Стыд ушёл уже давно, в первый год, когда она, родив двойню — мальчика и девочку — и не справившись с усталостью и отчаянием, впервые пригубила из Ромкиной кружки.

С тех пор жизнь покатилась под откос.

Сейчас эти пятилетние карапузы, такие же, как она, вечно голодные и холодные, сидели где-то в доме и ждали.

Клара часто видела их во дворе: худенькие, с испуганными глазами, похожие на двух птенцов, выпавших из гнезда.

Их было жаль до слёз. И каждый раз, когда они попадались на глаза, или вот так приходила Зоя, Клара отдавала последнее.

— Погоди, — коротко бросила Клара и скрылась в доме.

Вернулась она быстро.

В руках она держала тёплую, ещё с пылу с жару, буханку ржаного хлеба. Она сама пекла по утрам перед работой — мука, вода, соль и закваска. Простой, душистый, настоящий хлеб.

— На, держи.

Зоя жадно схватила буханку обеими руками.

Пальцы у неё были опухшие, с обломанными грязными ногтями.

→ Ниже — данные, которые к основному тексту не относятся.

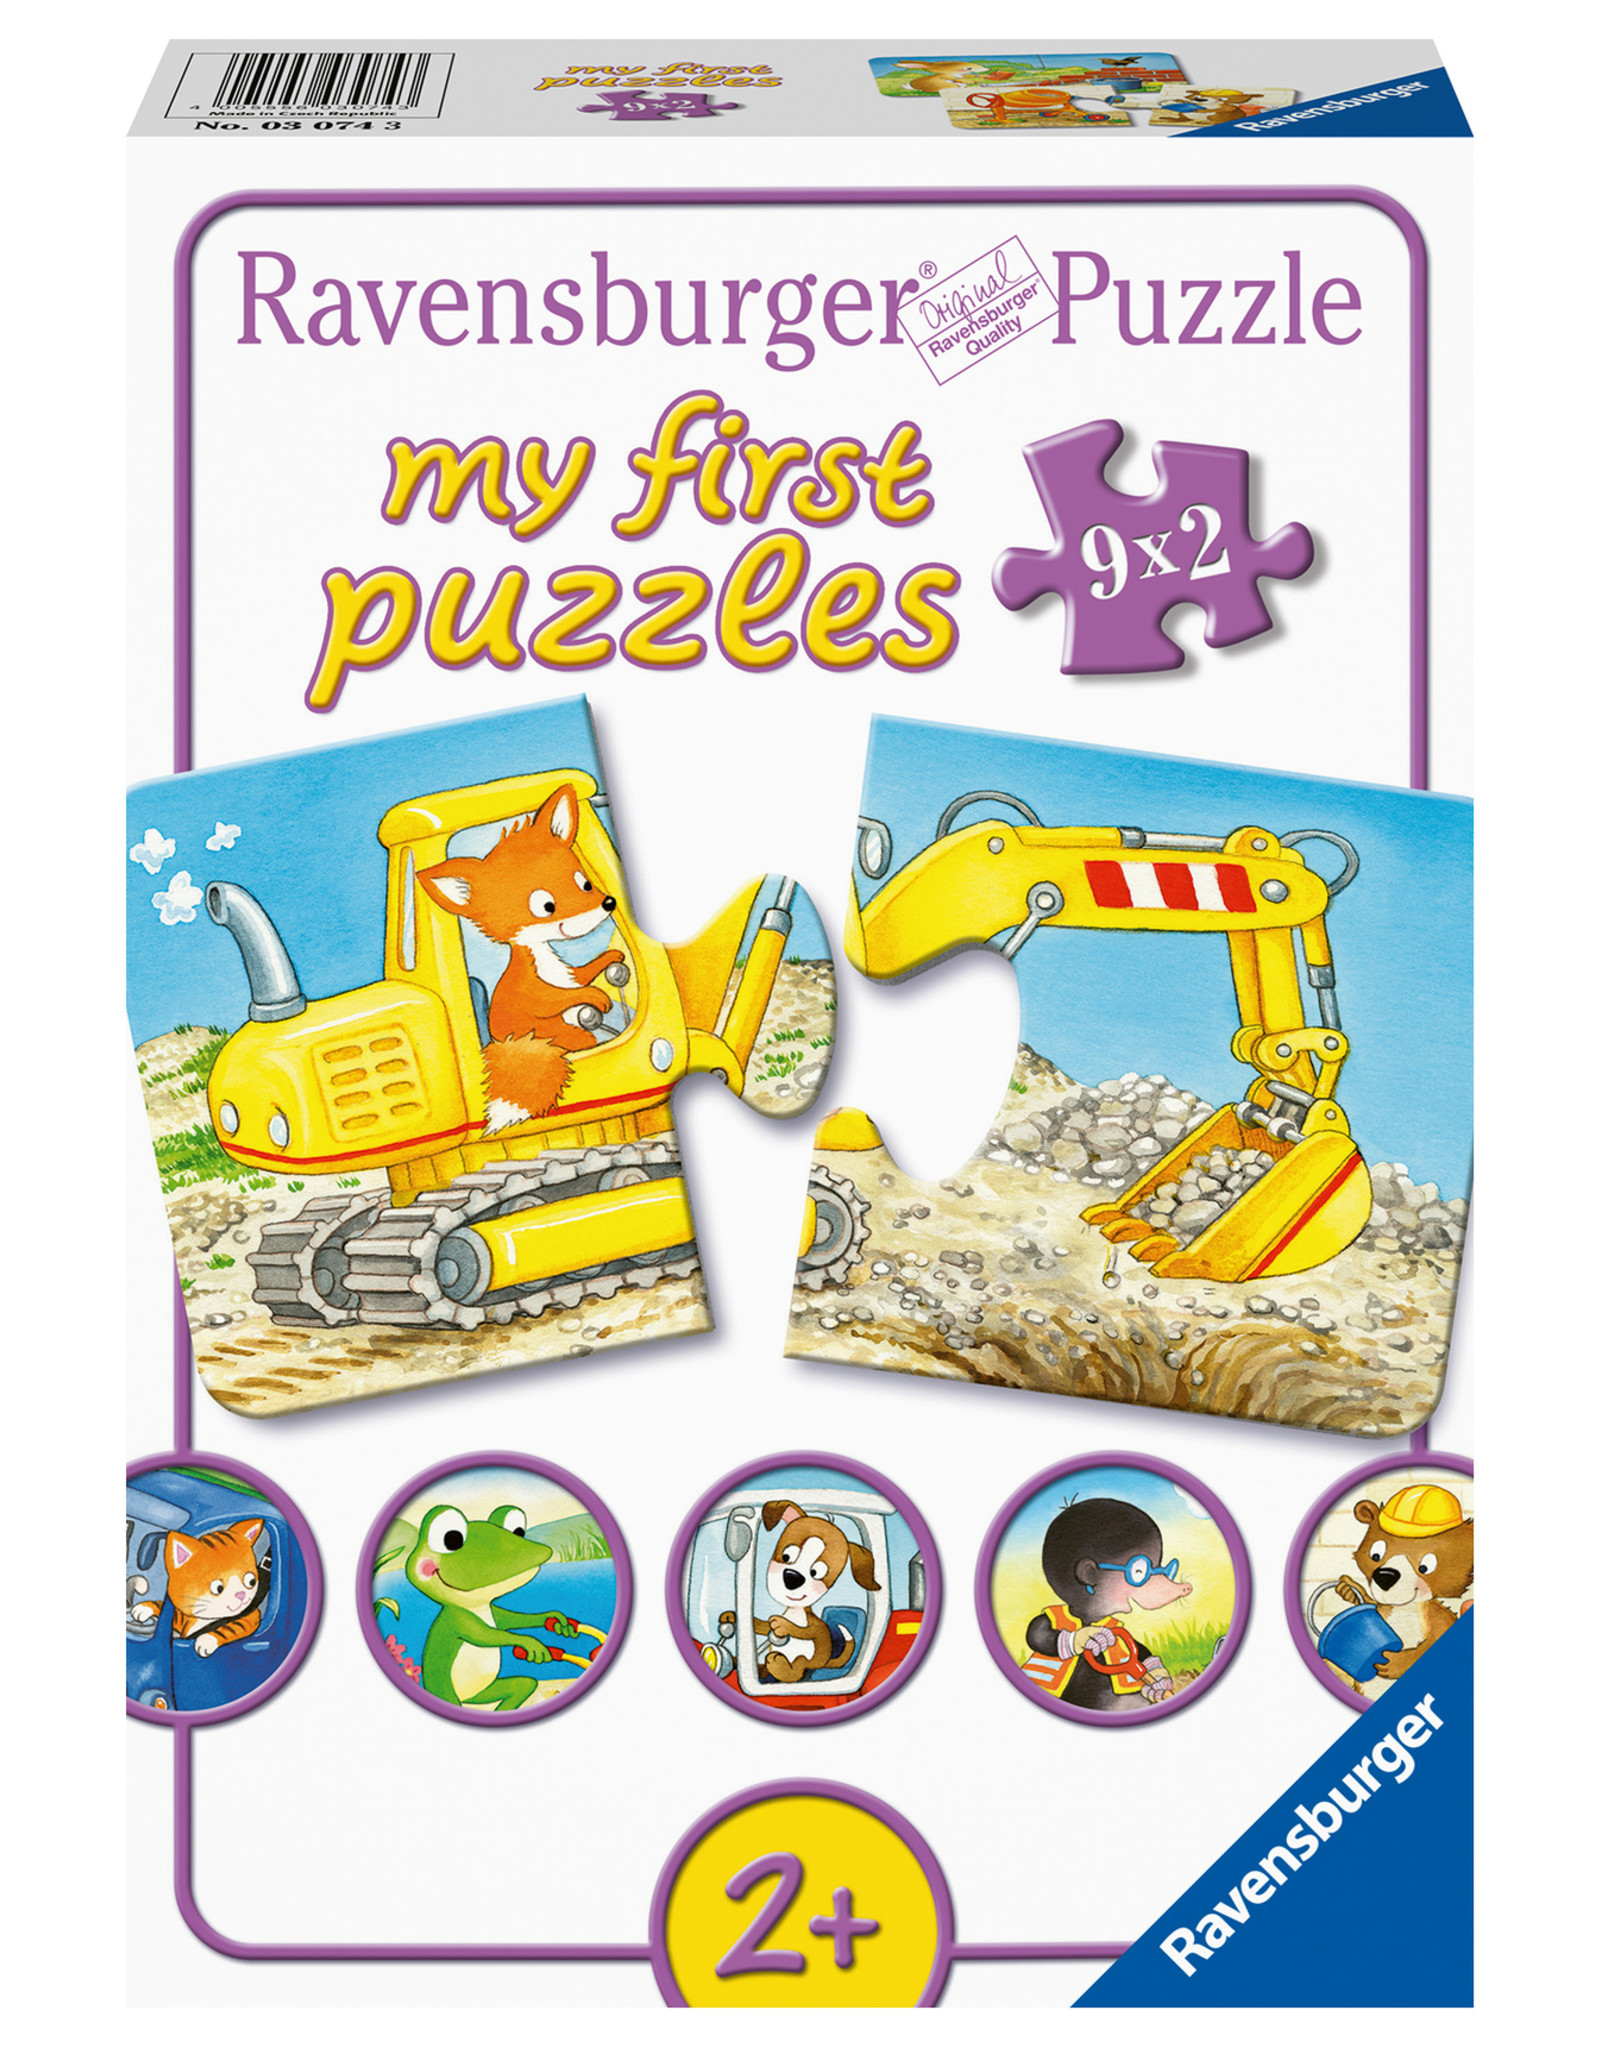 Ravensburger Ravensburger Puzzel 030743  My First Puzzles Dieren in de Bouw (9x2 Stukjes)

— Ух, какой горячий! — выдохнула она, поднесла хлеб к лицу и, не в силах сдержаться, прямо у плетня откусила большущий кусок от горбушки.

Зажмурилась от удовольствия, прожевала и, давясь, выпалила:

— Спасибо тебе, Клара! Дай Бог тебе... — она запнулась, ища, что бы такого пожелать, и нашла: — ...хорошего мужика! Чтоб заботливый был! — и засмеялась дребезжащим, пьяным смешком.

Клара ничего не ответила, только вздохнула, глядя, как Зоя, покачиваясь и прижимая буханку к груди, поползла обратно в свой дом.

В доме у Зои было сумрачно и пахло кислыми щами и перегаром.

За столом, застеленным старой газетой, сидели двое.

Мальчик и девочка, светленькие, одинаковые, как две капли воды. Они сидели тихо-тихо, даже не шевелились.

Их большие глаза на бледных лицах были устремлены на дверь.

Они ждали. Как птенцы в гнезде, широко раскрывающие клювы, они смотрели на руки матери.

Зоя, пошатываясь, подошла к столу и с размаху шлёпнула буханку перед ними.

Хлеб глухо стукнул о клеёнку.

— Жрите, — коротко бросила она и, не раздеваясь, повалилась на кровать, стоящую в углу.

Дети переглянулись.

Девочка, самая смелая, протянула худенькую ручонку и осторожно коснулась хлеба.

Он был ещё тёплый. Мальчик сглотнул слюну и не сводил глаз с румяной корочки.

За окном, в палисаднике Клары, всё так же густо и сладко пахла сирень. Солнце светило ярко, и в его лучах было почти тепло и совсем не страшно. Почти.

Солнце к полудню поднялось высоко и пекло уже совсем не по-весеннему, щедро разливая тепло по бескрайнему полю.

Клава стояла на краю делянки, приложив ладонь козырьком ко лбу, и смотрела, как трактор, ровно и деловито тарахтя, тянет за собой сеялку.

Позади неё, там, где механизатор уже развернулся, на свежей, влажной борозде уже чернели грачи. Они важно, по-хозяйски вышагивали, вытаскивая из земли жирных проснувшихся червей.

Воздух сегодня стоял особенный.

Он был густой, плотный, напоённый запахом прелой листвы, молодой зелени и той особенной, ни с чем не сравнимой, пьянящей свежестью пробудившейся земли.

Где-то далеко, у перелеска, неумолчно звенел жаворонок, рассыпая свою трель над полем.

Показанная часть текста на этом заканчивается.